PROBLEM DESCRIPTION: Start to finish, return the listing below exactly, pictures excluded.

GIVEN DATA:
────────

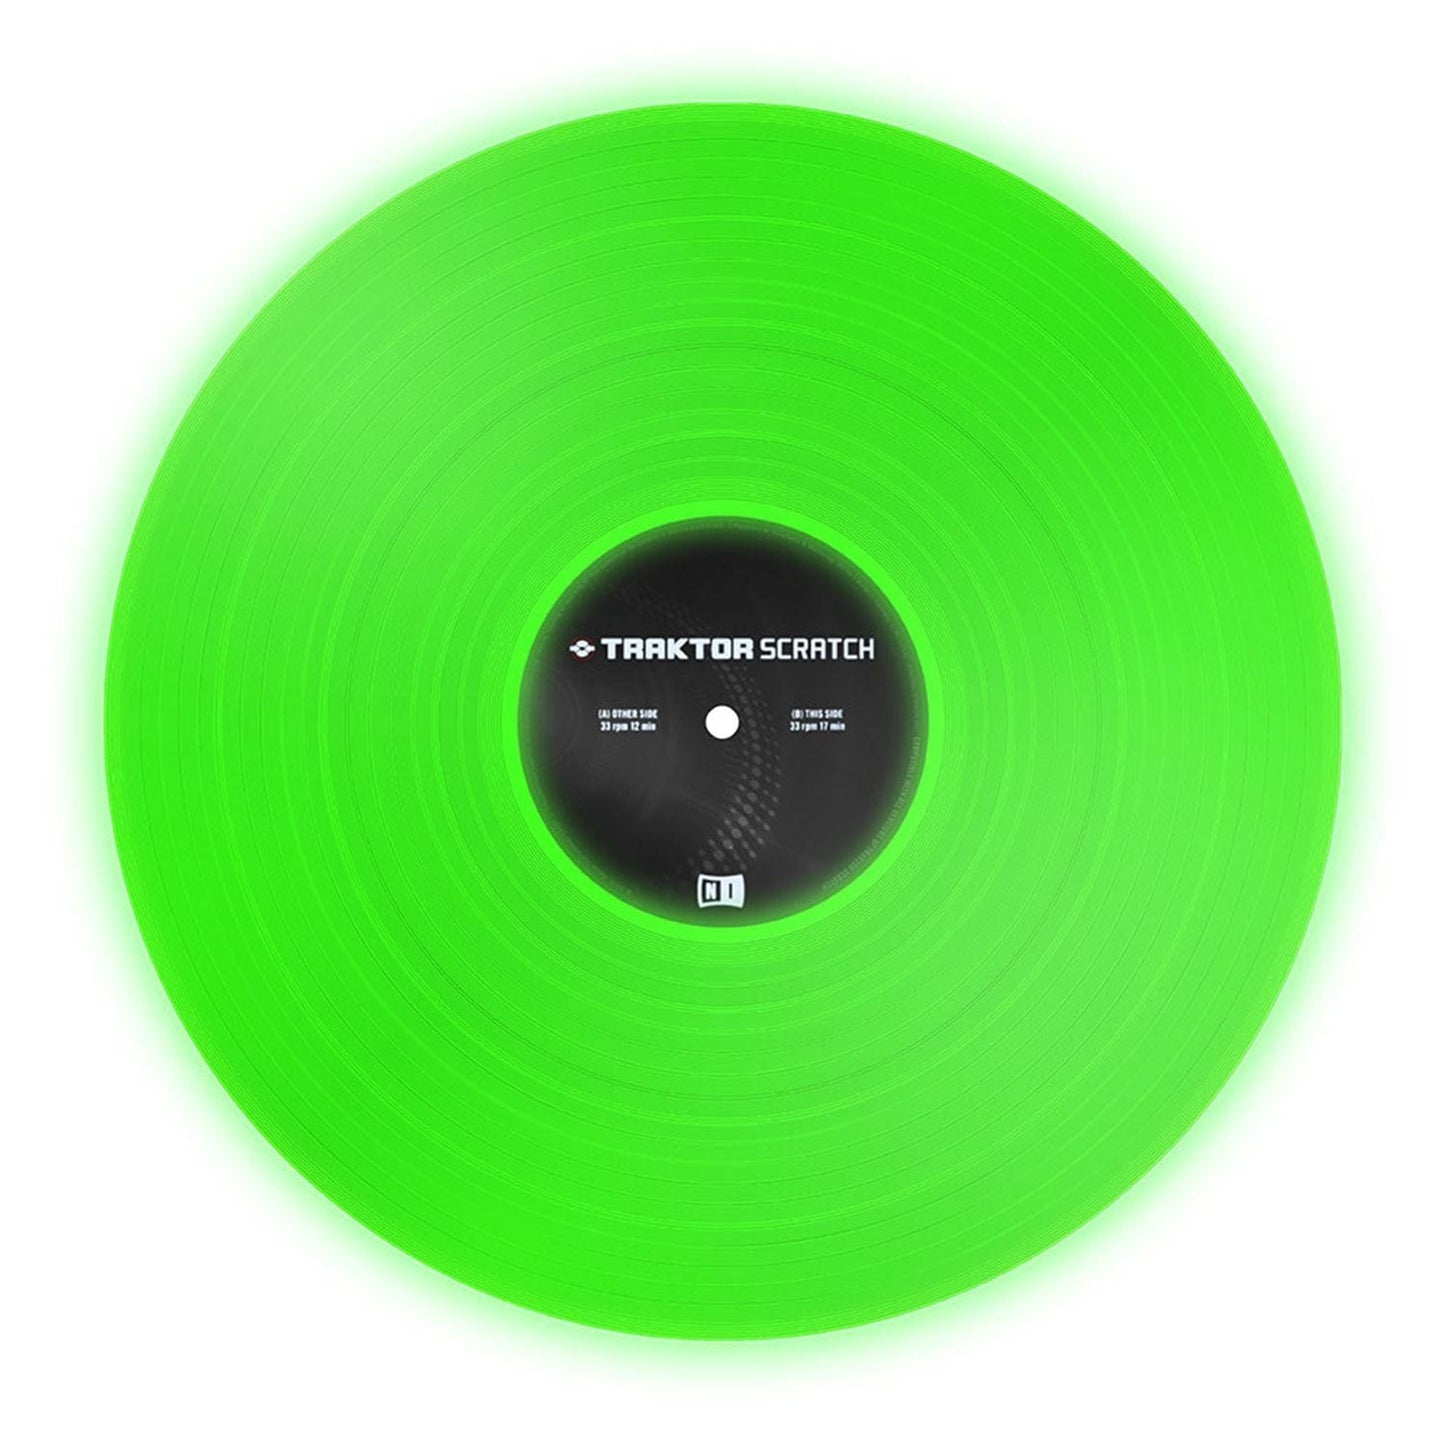 NI Traktor Scratch Vinyl - Fluorescent Green - ProSound and Stage Lighting
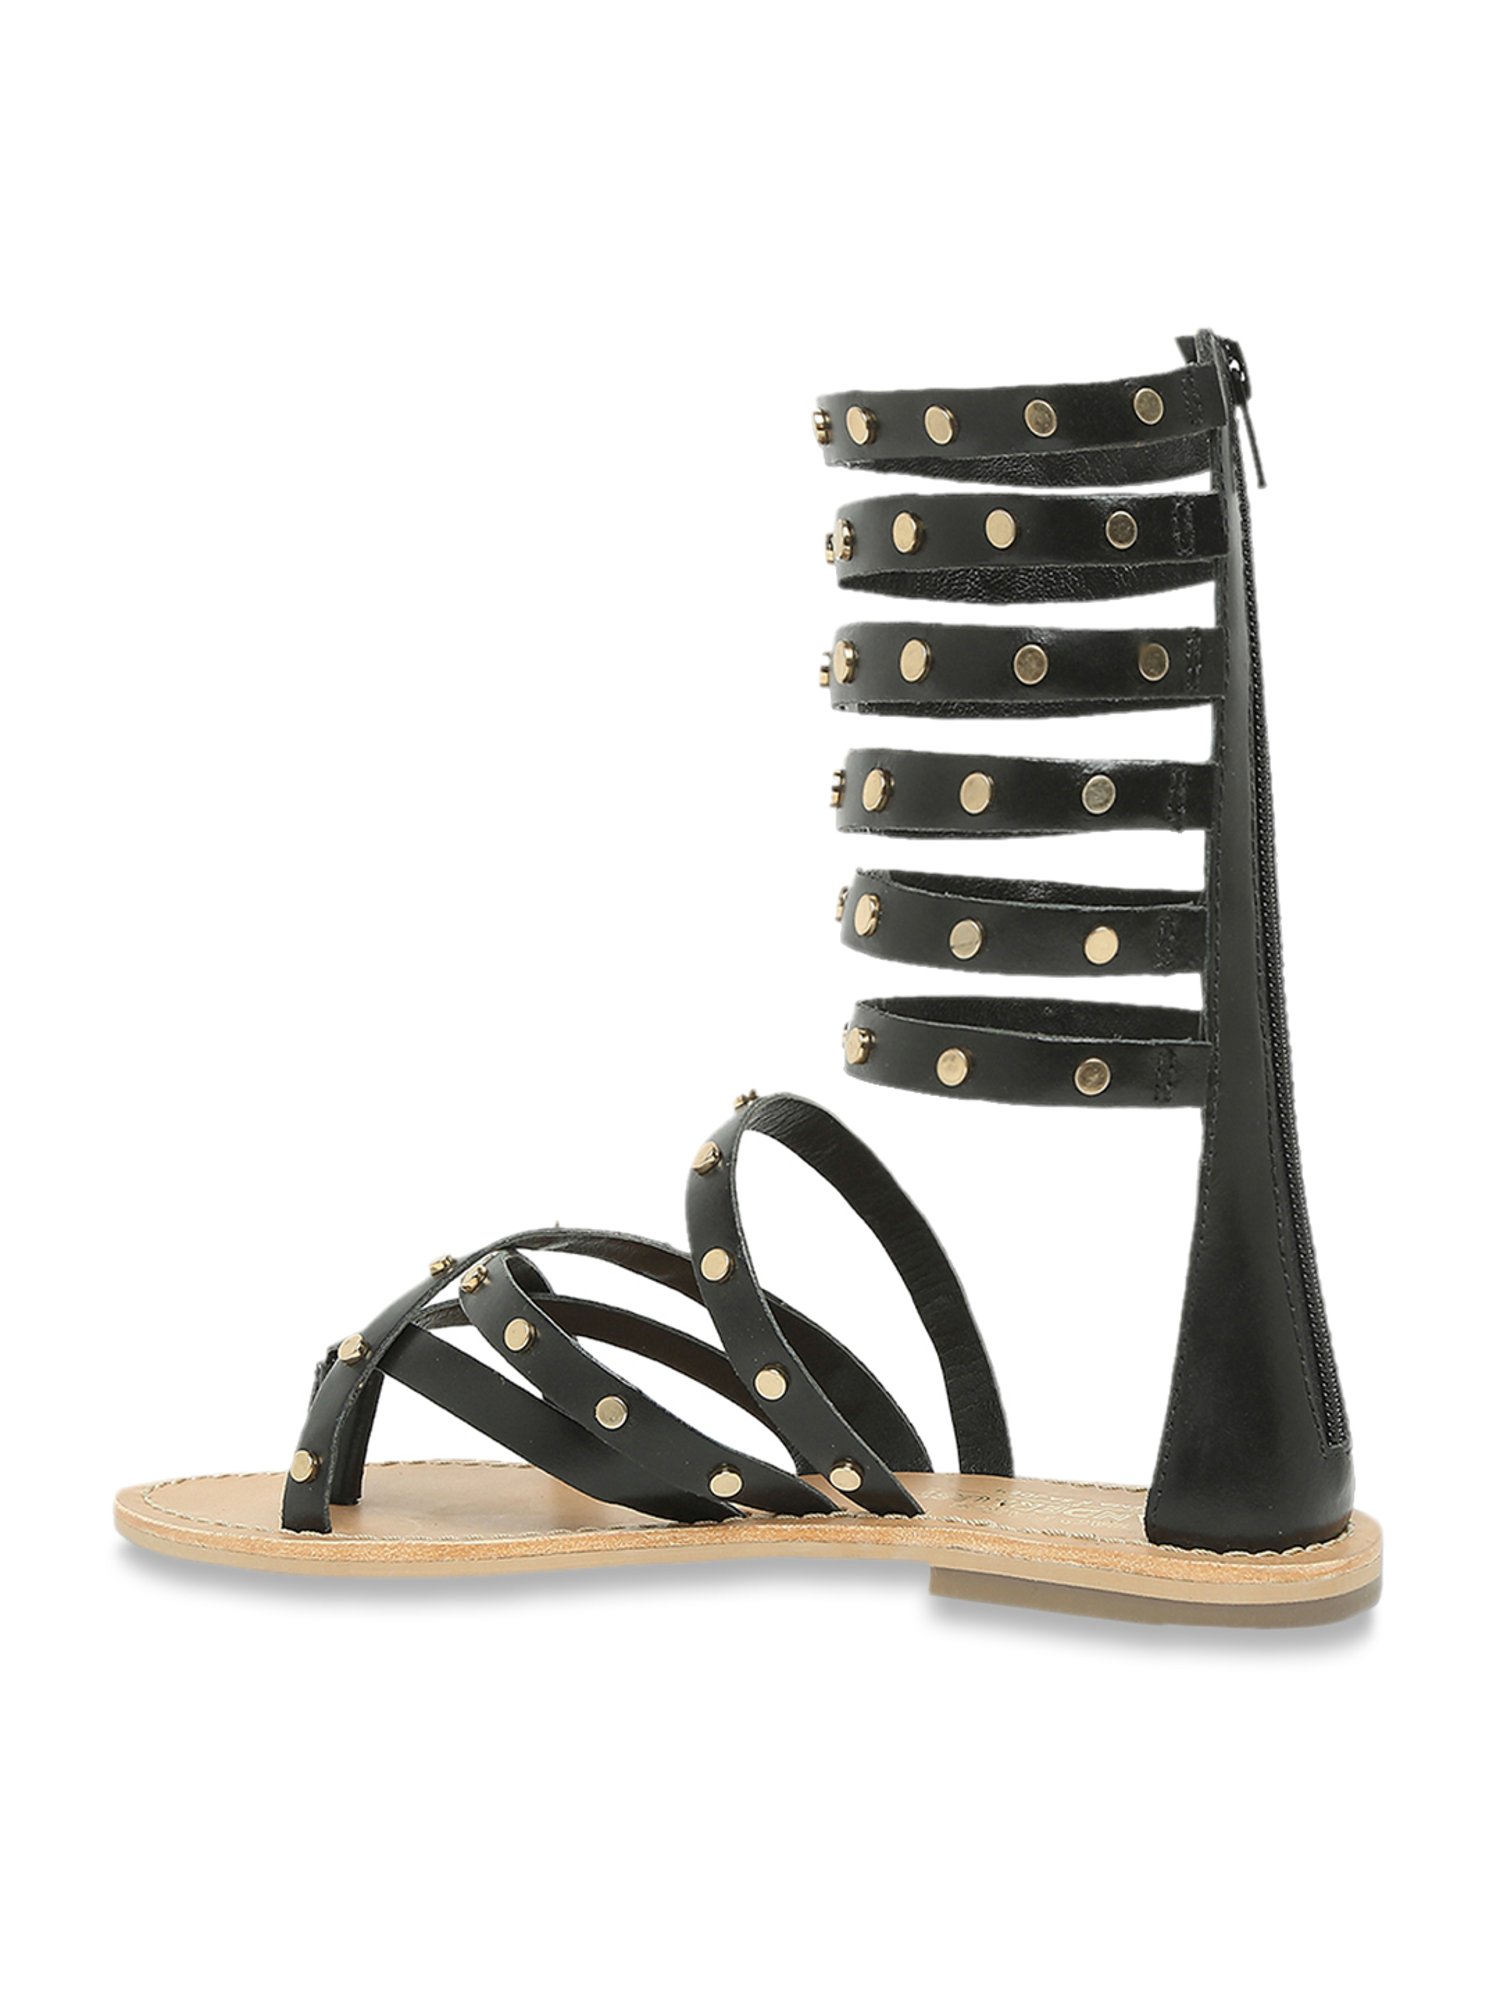 Jessica Simpson Larsenn Black Leather Gold Studs Gladiator Heels Sandals Sz  6.5M | eBay
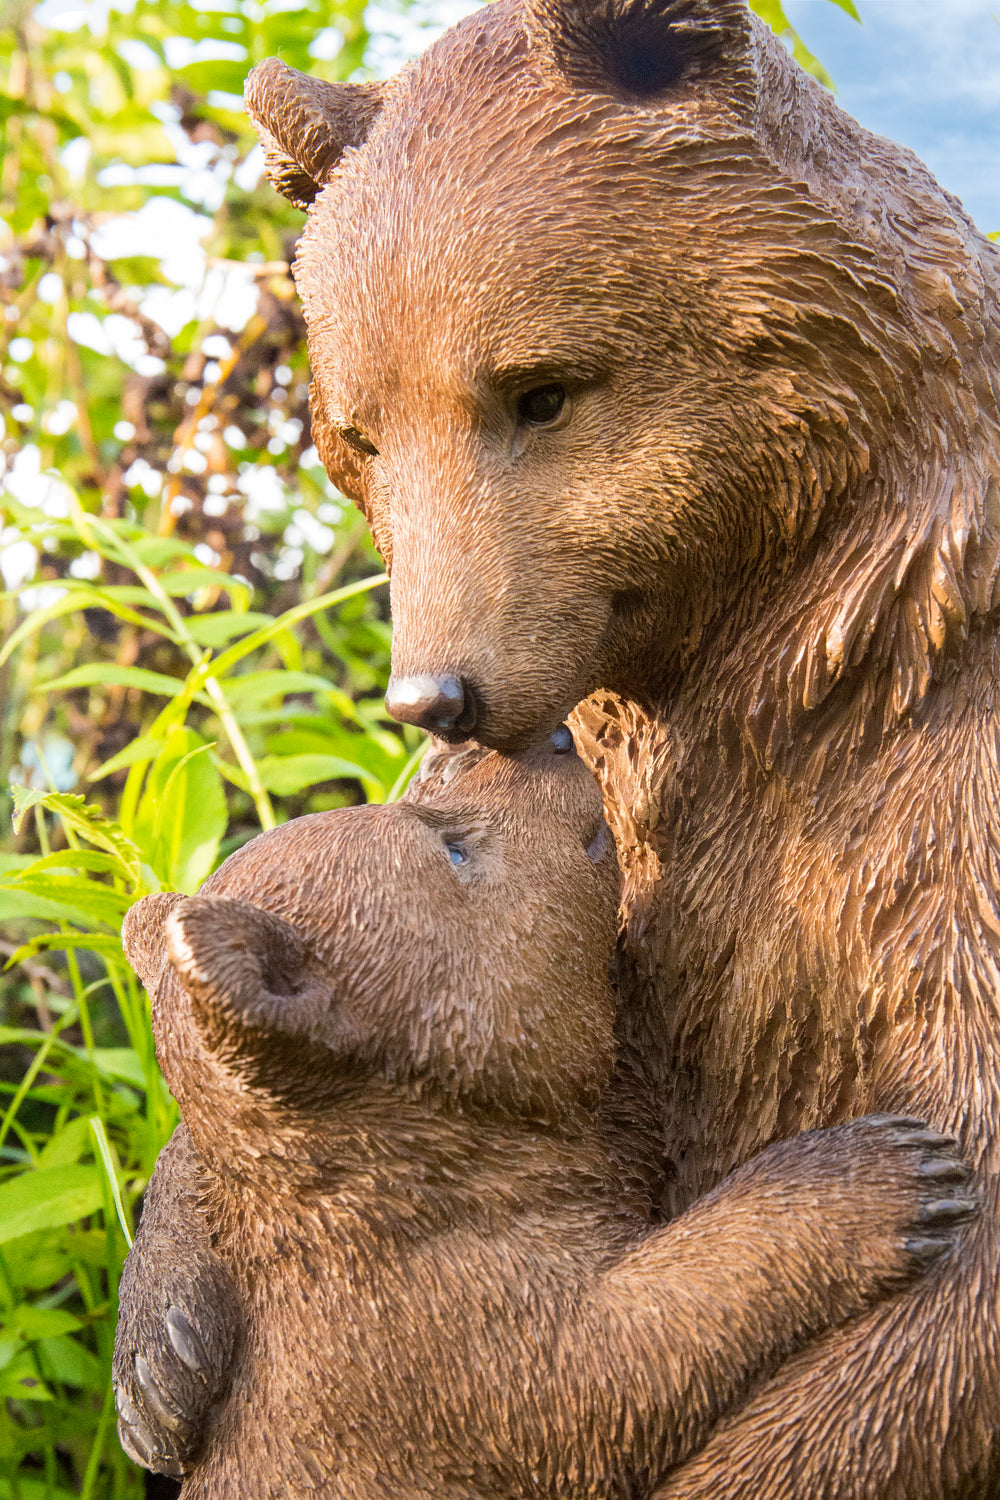 Cuddling Mother and Baby Bear Garden Statue - Brown HI-LINE GIFT LTD.

────────

ANSWER:
 NI Traktor Scratch Vinyl - Fluorescent Green - ProSound and Stage Lighting
 Jessica Simpson Larsenn Black Leather Gold Studs Gladiator Heels Sandals Sz  6.5M | eBay
 Cuddling Mother and Baby Bear Garden Statue - Brown HI-LINE GIFT LTD.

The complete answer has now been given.